Dicen que están a favor del diálogo, pero han rechazado sistemáticamente cualquier interlocución con la Rectoría y no quieren que intervenga el gobierno estatal; piden cámaras de videovigilancia para sentirse seguros pero lo primero que hacen cuando llegan a un plantel es inutilizar los pocos aparatos que se tienen. Y cada vez se parecen más al Ejército Zapatista de Liberación Nacional (EZLN) que surgió en Chiapas en 1994.
Son los jóvenes que integran lo que ellos llaman “La Resistencia”, un fenómeno social que surge legítimamente para obligar a las autoridades a buscar a una estudiante (Kimberly) pero que después, cuando se esclareció el feminicidio y se detuvo al presunto responsable, mutó a un movimiento que —al parecer— tiene como único objetivo quitar de la Rectoría a Viridiana León Hernández.
De acuerdo con testimonios de algunos compañeros reporteros que se han acercado al grupo que se apoderó de las dos puertas de acceso del Campus Chamilpa el viernes 27 de febrero, estos jóvenes están liderados por mujeres que no son estudiantes en activo de ninguna de las instituciones de la Universidad Autónoma del Estado de Morelos. Adriana y Zayra.
No decimos que lo sean, pero su forma de organización tiene mucha similitud con las guerrillas: manejan jerarquías verticales, se cubren el rostro (sí, como el subcomandante Marcos en 1994) y así como las organizaciones subversivas tienen sus estaciones de radio “clandestinas”, en este movimiento han comenzado a surgir “medios de comunicación” que se dedican a difundir información totalmente sesgada, a favor de la “resistencia”.
En los años setenta los guerrilleros se apoderaban de estaciones de radio para transmitir sus manifiestos, pero ahora, con los adelantos tecnológicos tienen la ventaja de que el espacio cibernético es totalmente libre. Por eso existe en Facebook Informativo Tlahuica “página que comenta la verdad absoluta”, pero que opera desde el anonimato.

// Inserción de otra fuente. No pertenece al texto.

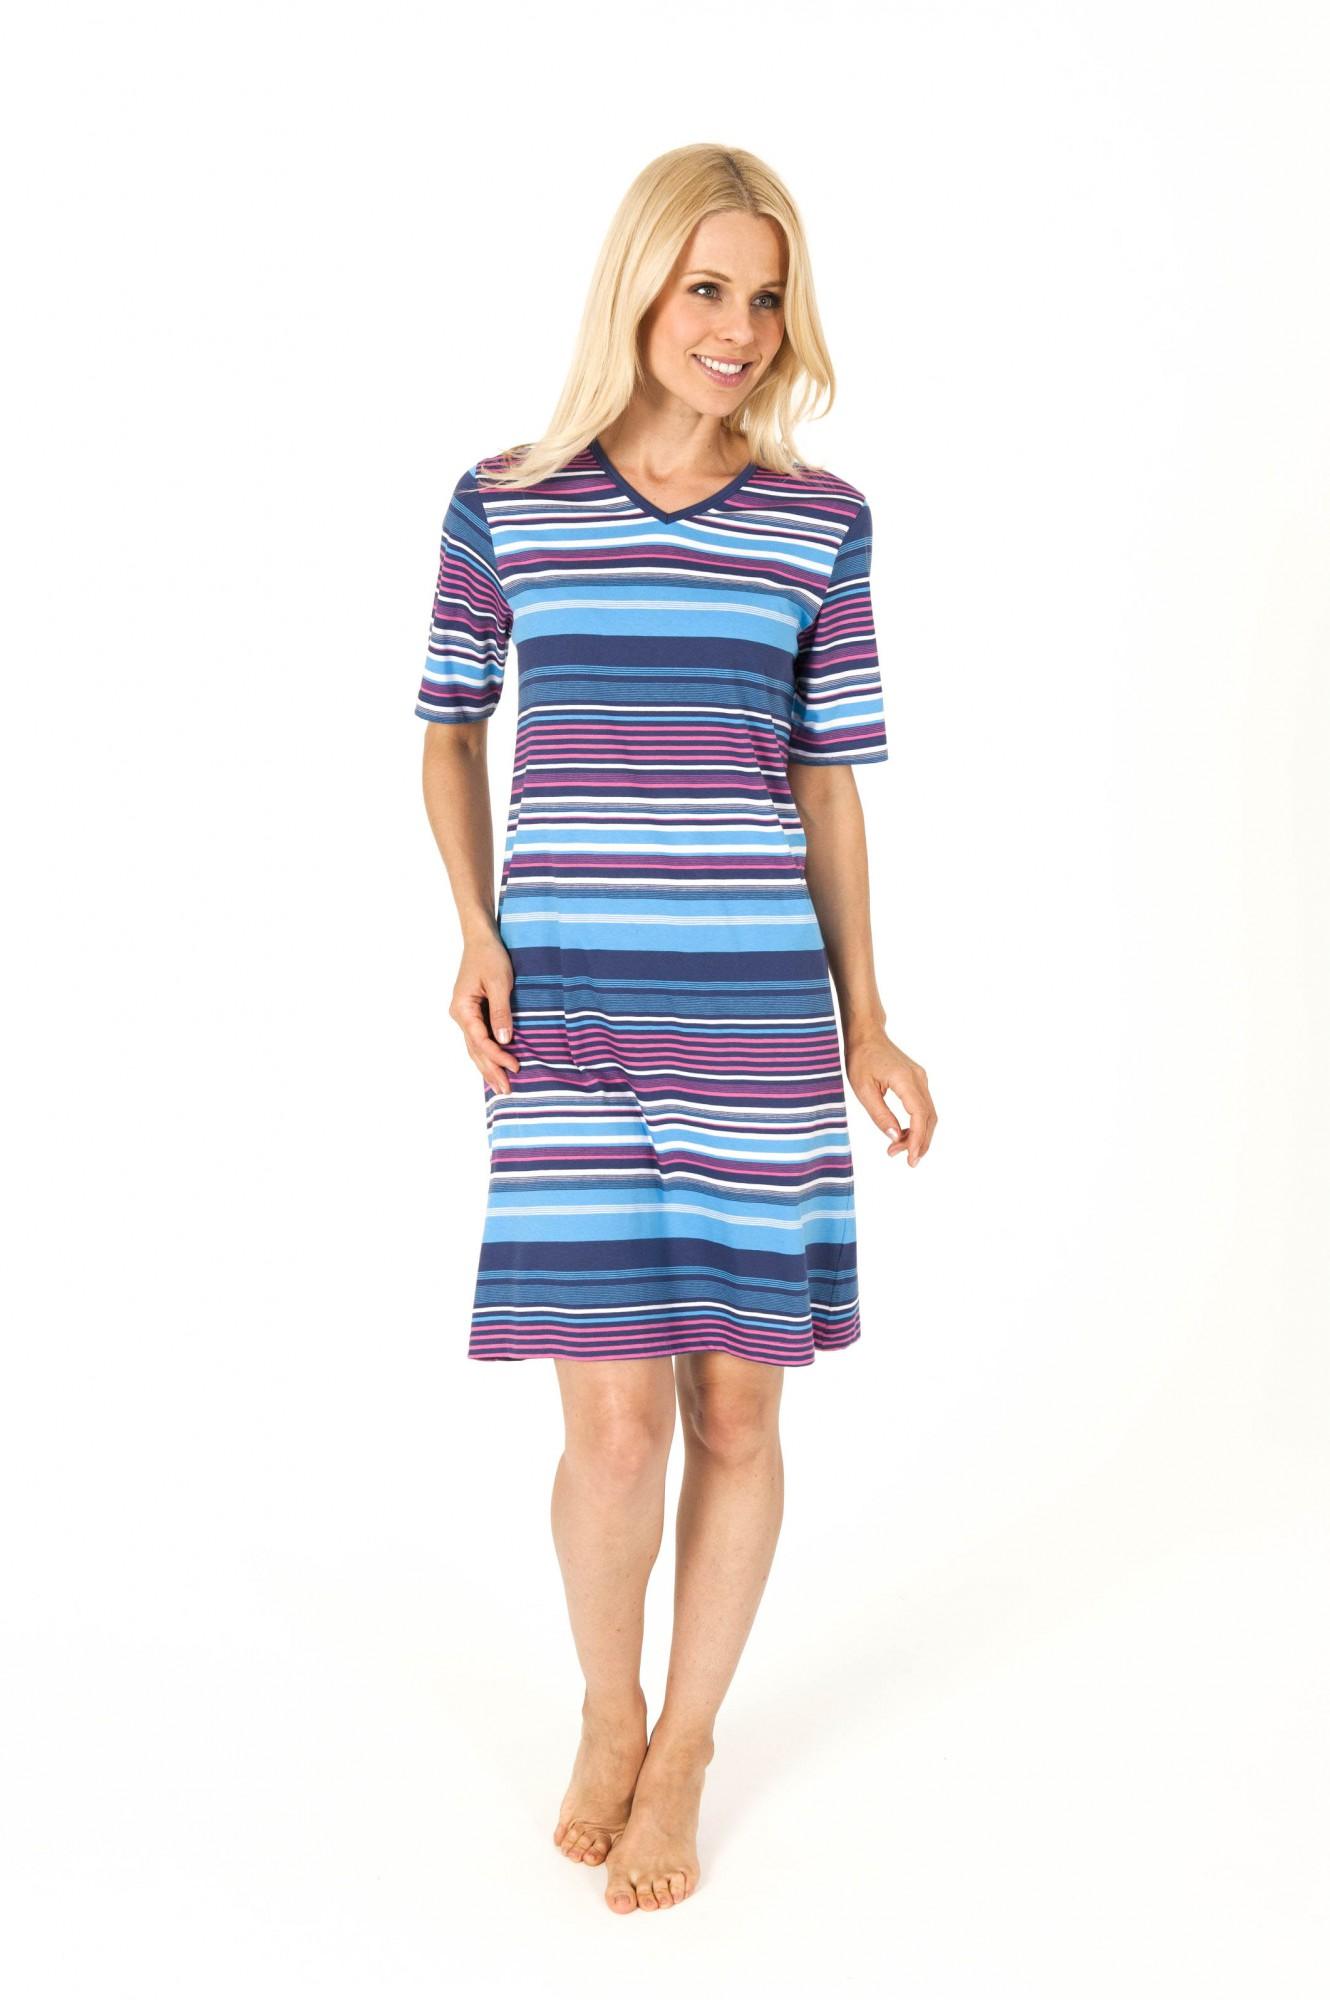 Schickes Damen Nachthemd kurzarm gestreift – 161 213 90 893 001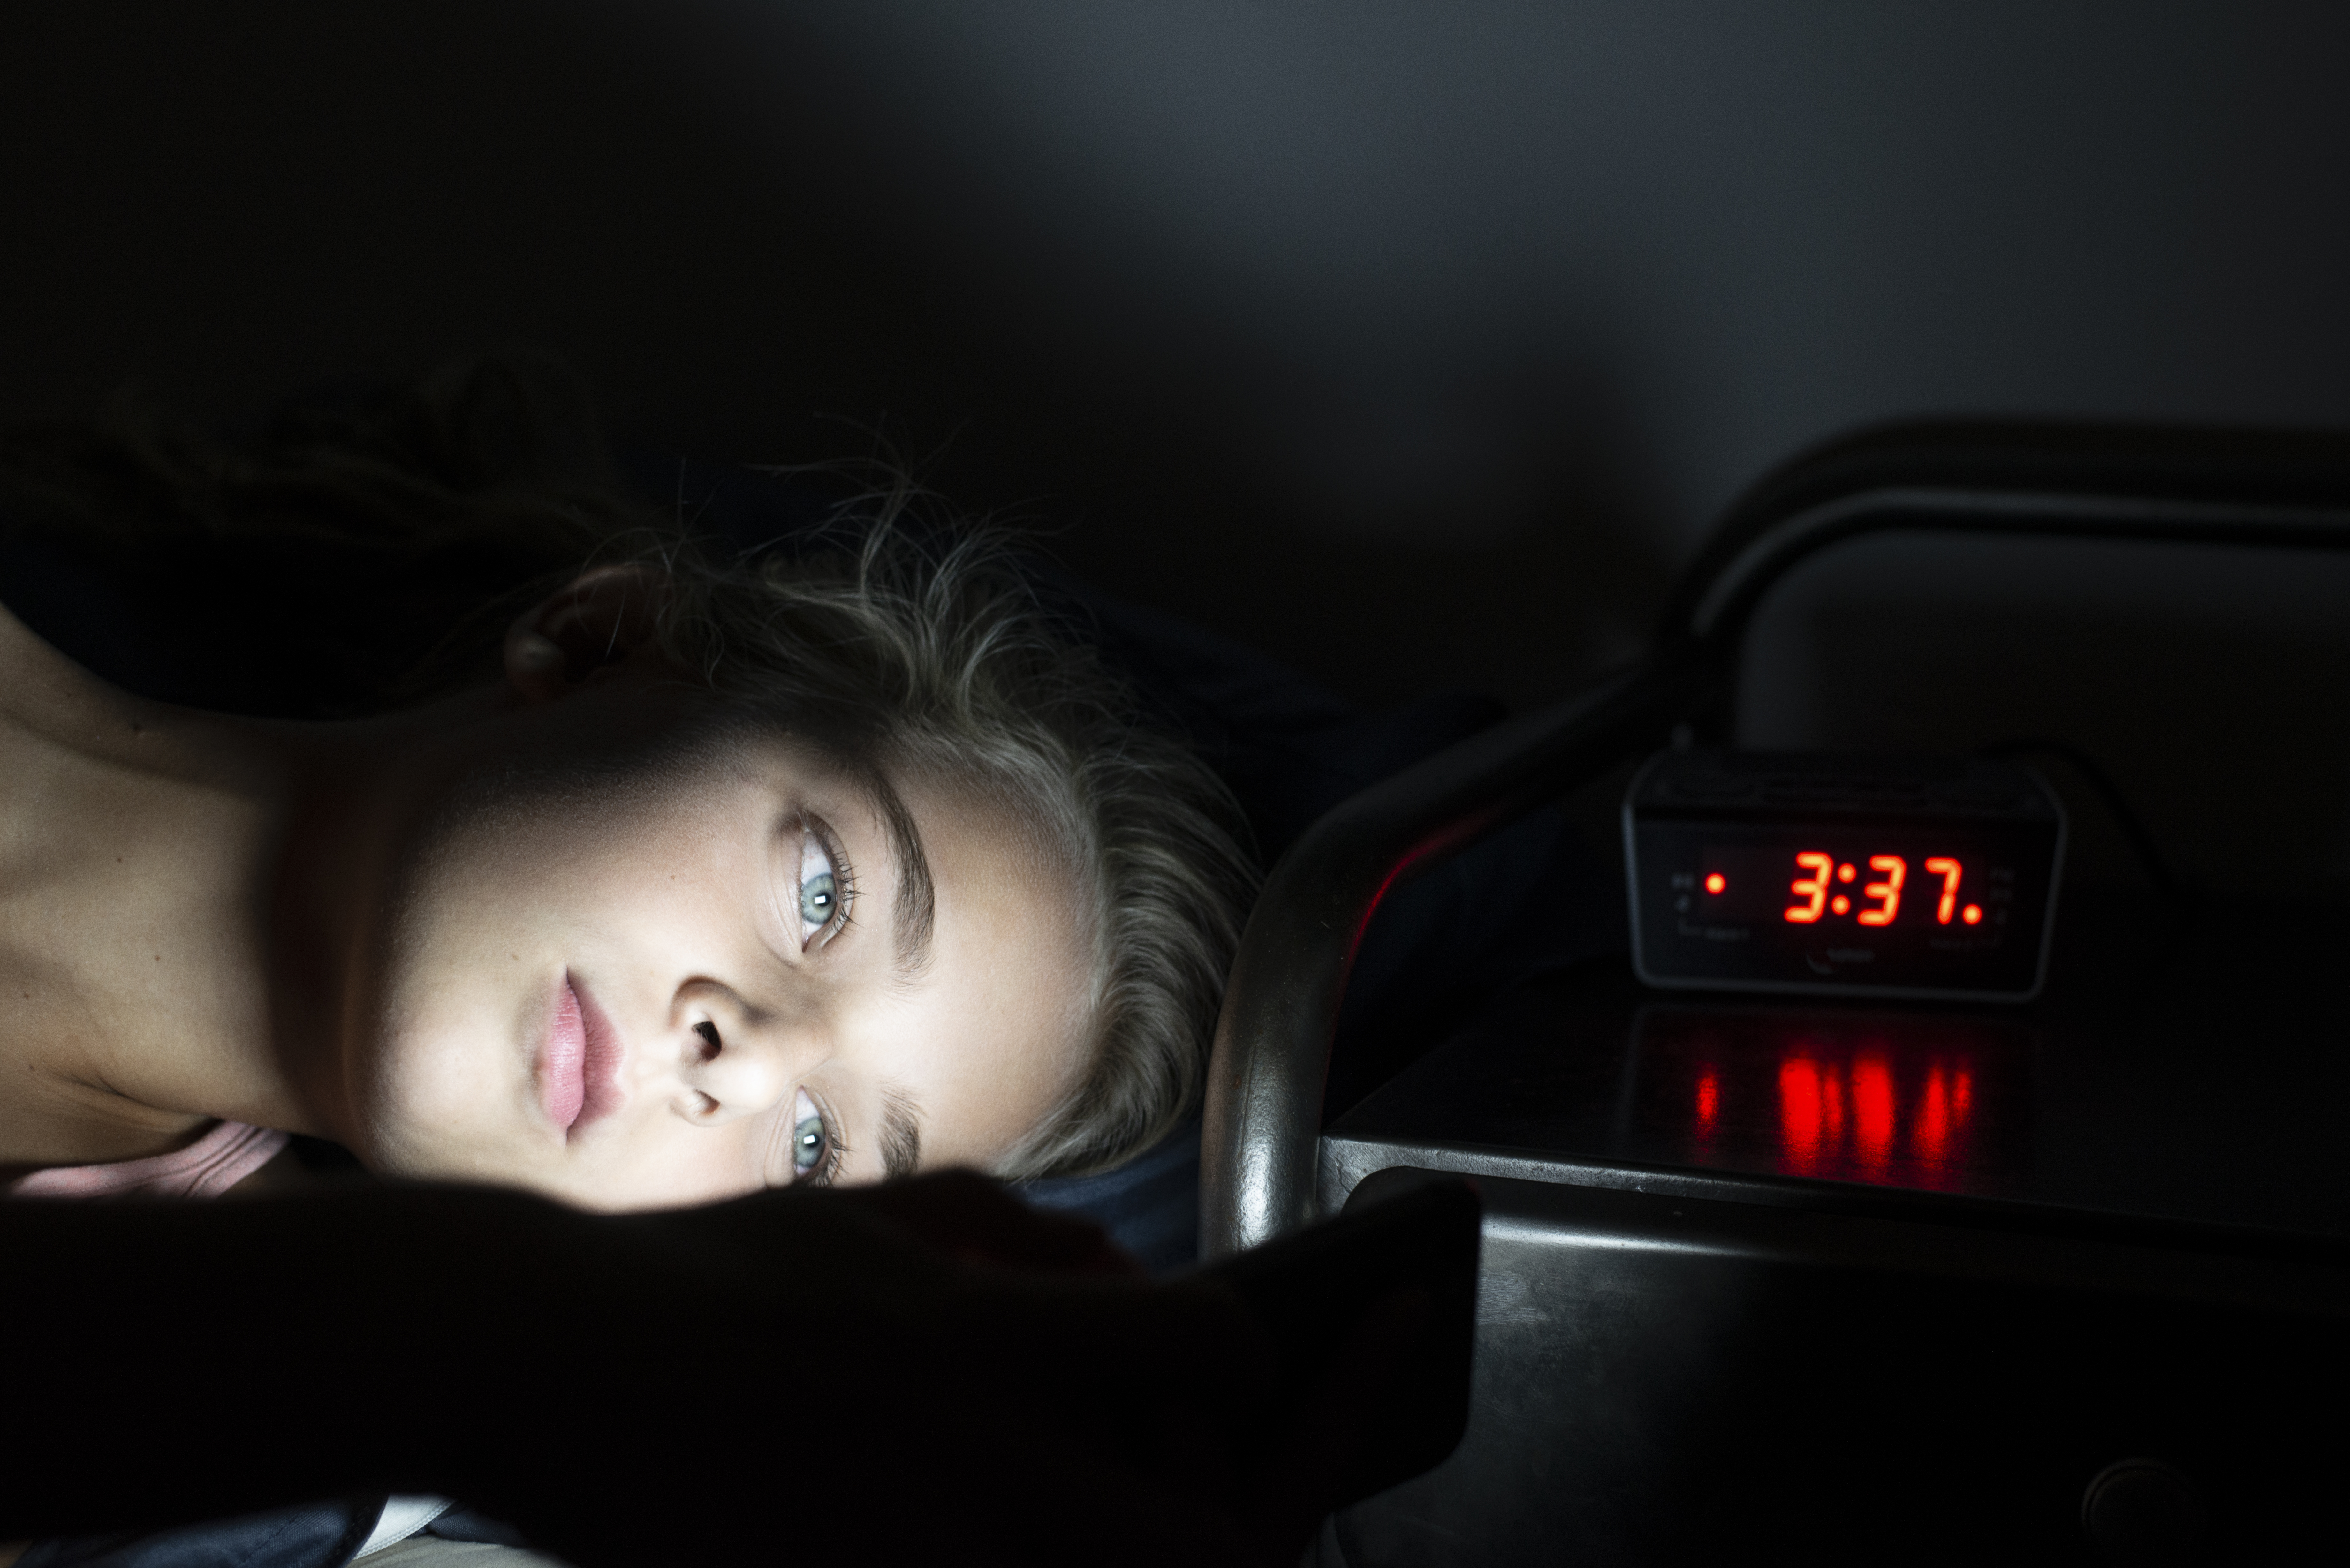 Problems Falling Asleep? Melatonin Can be a Natural Remedy

Es el equivalente a los jóvenes que participan el movimiento con el rostro cubierto.
Continuando con el tema del conflicto universitario, la noticia es que ya varias escuelas han votado a favor de que se reinicien las clases, sin embargo, un grupo minoritario (si tomamos en cuenta que la población estudiantil es de 40 mil alumnos), se mantiene en las dos puertas del Campus Chamilpa y en el edificio de Rectoría. La máxima casa de estudios pudiera ordenar el reinicio de clases vía Zoom, como se hizo durante la pandemia, pero no quieren verse autoritarios o al menos ese ha sido su discurso (“tolerantes hasta excesos criticados”, diría el presidente Díaz Ordaz) en todos los comunicados emitidos por la Rectoría.
Y tal como suele suceder en este tipo de movimientos, tanto estudiantes, como profesores y ciudadanos en general, se comienzan a dividir en tres grupos: los que apoyan incondicionalmente al grupo subversivo; los que quieren que los alumnos regresen a clases (aquí entran los que apoyan a la rectora); y los que estamos en medio, que sólo observamos cómo cada grupo pretende ganar la narrativa y quisiéramos que el conflicto se resolviera salomónicamente.
El pasado viernes fuimos testigos de un acontecimiento que refleja fielmente lo que está ocurriendo en todos los campus de la UAEM.
En la Facultad de Medicina fueron convocados todos los alumnos a una asamblea general para definir la posición que mantendría la escuela con respecto al paro de labores.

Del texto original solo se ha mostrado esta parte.